Guys, Girls, and Everyone in Between

I don't even know what I'm blogging about today. I was going to try to do another blog challenge, but I'm too tired to focus on anything specific. I noticed that there's a "blog about what you're stressed about" prompt, and I basically did that yesterday. So go me. Although I don't know if it actually counts cause I didn't know it was part of the challenge.

But anyway, I'm having a day from hell and nothing bad has really happened. I just woke up really, really exhausted. I was super tired all yesterday so I went to bed early last night and still woke up more tired than ever. I'm 'bout 90% sure it's because I'm a freaking girl and it's that time, so not only do I have to put up with cramps that make me feel like I'm being stabbed repeatedly, but I also feel like I'm about to fall asleep at all times.

And about 20 minutes ago I had to ask a stranger to check out my butt and make sure I was all good. Lets just say it was super awkward, but it was a necessary evil. I wasn't about to get up in front of the entire class with that situation going on.

The person I asked, I'm not sure if he's transgender or just prefers male pronouns, so I felt a little bit more awkward about mentioning something that feminine to him and making him tell me. I mean, I wouldn't have gone up to another guy and asked him, so it's basically the same thing. I bet he felt just as awkward as any other guy. (And if anything I just said offends anyone, let me just say that I don't know him, I don't know what he's comfortable talking about - especially with a stranger, and I'm not 100% on how to refer to him other than he/him/his, i.e - "as any other guy" - "guy" is colloquial and I don't know if he'd prefer "male" or "boy" instead, so I went with guy, meaning someone who identifies with he/him/his pronouns).

I also want to add that when it comes to gender, people are going to make mistakes on how to refer to people (especially people they don't know them and can't go ask), but as long as they try to correct their mistake the first time and are trying their hardest to be correct and respectful, I don't think we can really get mad at them.
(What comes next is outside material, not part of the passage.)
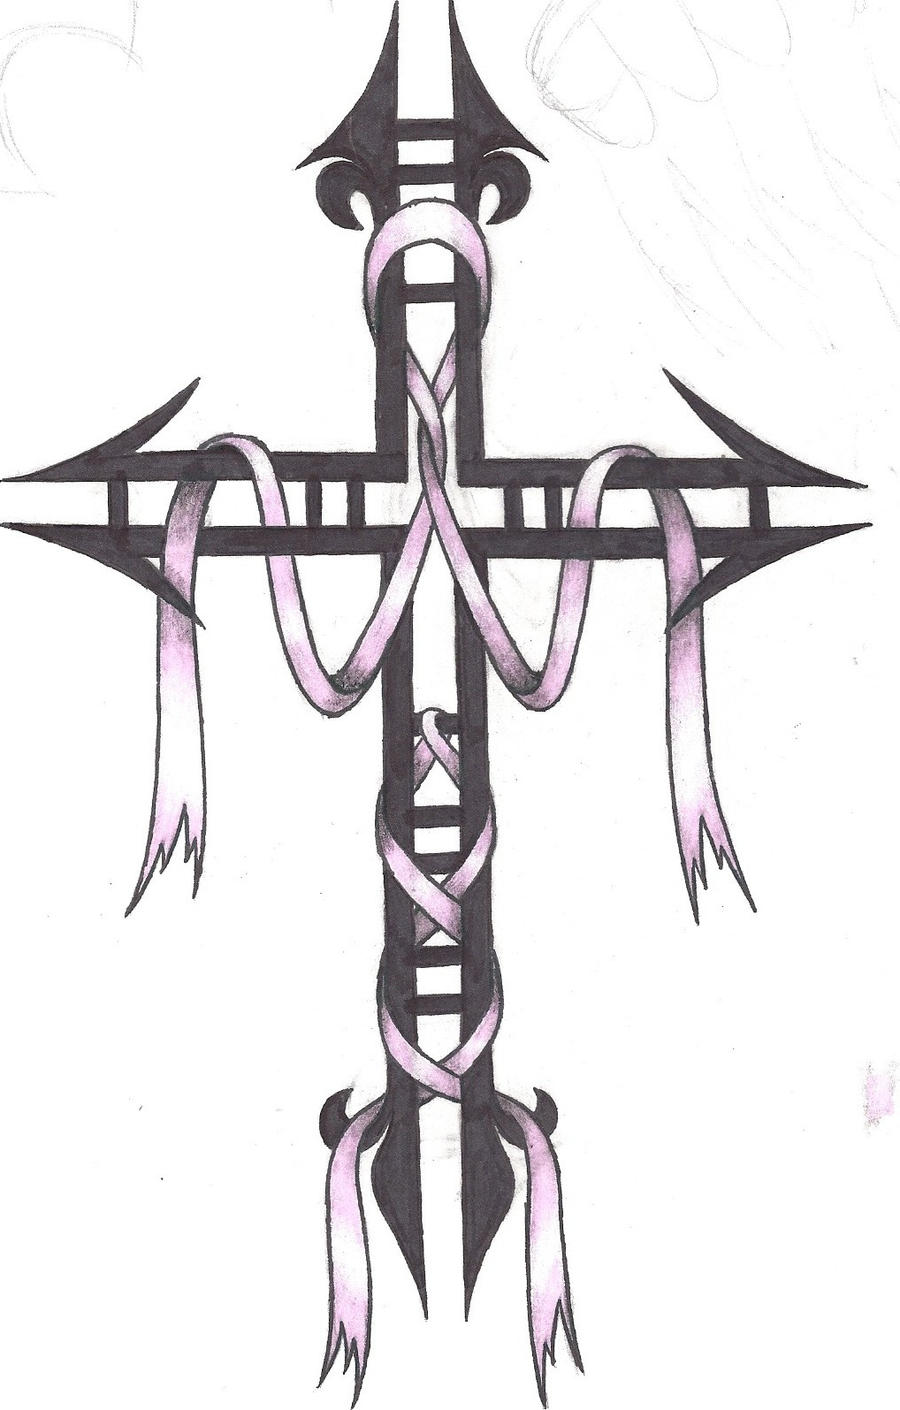 cancer ribbon cross by heavymetalhitter on deviantart. Black Bedroom Furniture Sets. Home Design Ideas

I don't know his name, or else I'd just refer to him by that, but since I have to use pronouns/other words, I'm trying my best to be correct (and please, correct me if I'm wrong on something, I want to refer to people as who they are).

But anyway, see what I mean, today just keeps adding up. I feel like crap, I'm about to fall asleep, and my brain is all over the place. I want to write, but can't. I have an extra class today (math recitation), and I'm supposed to have a calculator but the f-ing batteries died so I might be screwed on the quiz, I have to go to work until 9 and I really just want to go to sleep. And eat. I'm hungry.

I hate this.

I'm going straight to get something to eat between my classes.

And oh gosh, I was almost late (not really) today because I have no nice clothes and there's a really cute hockey player/engineering & genetics student in my theatre class who talked to me and sat by me last time, and so I was trying not to look like crap. Even though I wanted to leave by 10:30 and it was 10:13 when I started looking for clothes. I didn't even put on makeup guys. Not that it makes me look any less ugly.

But I wore these light colored fricken jeans and it was a terrible idea, because now I'm just going to be worried about this all day long. I'll probably change before work because who cares what I look like there.

So yeah, now that my story has come full circle, I'm going to try to pay attention for the last 6 minutes of geology. Then get food and go look ugly in front of the cute, smart guy. Kay bye, guys.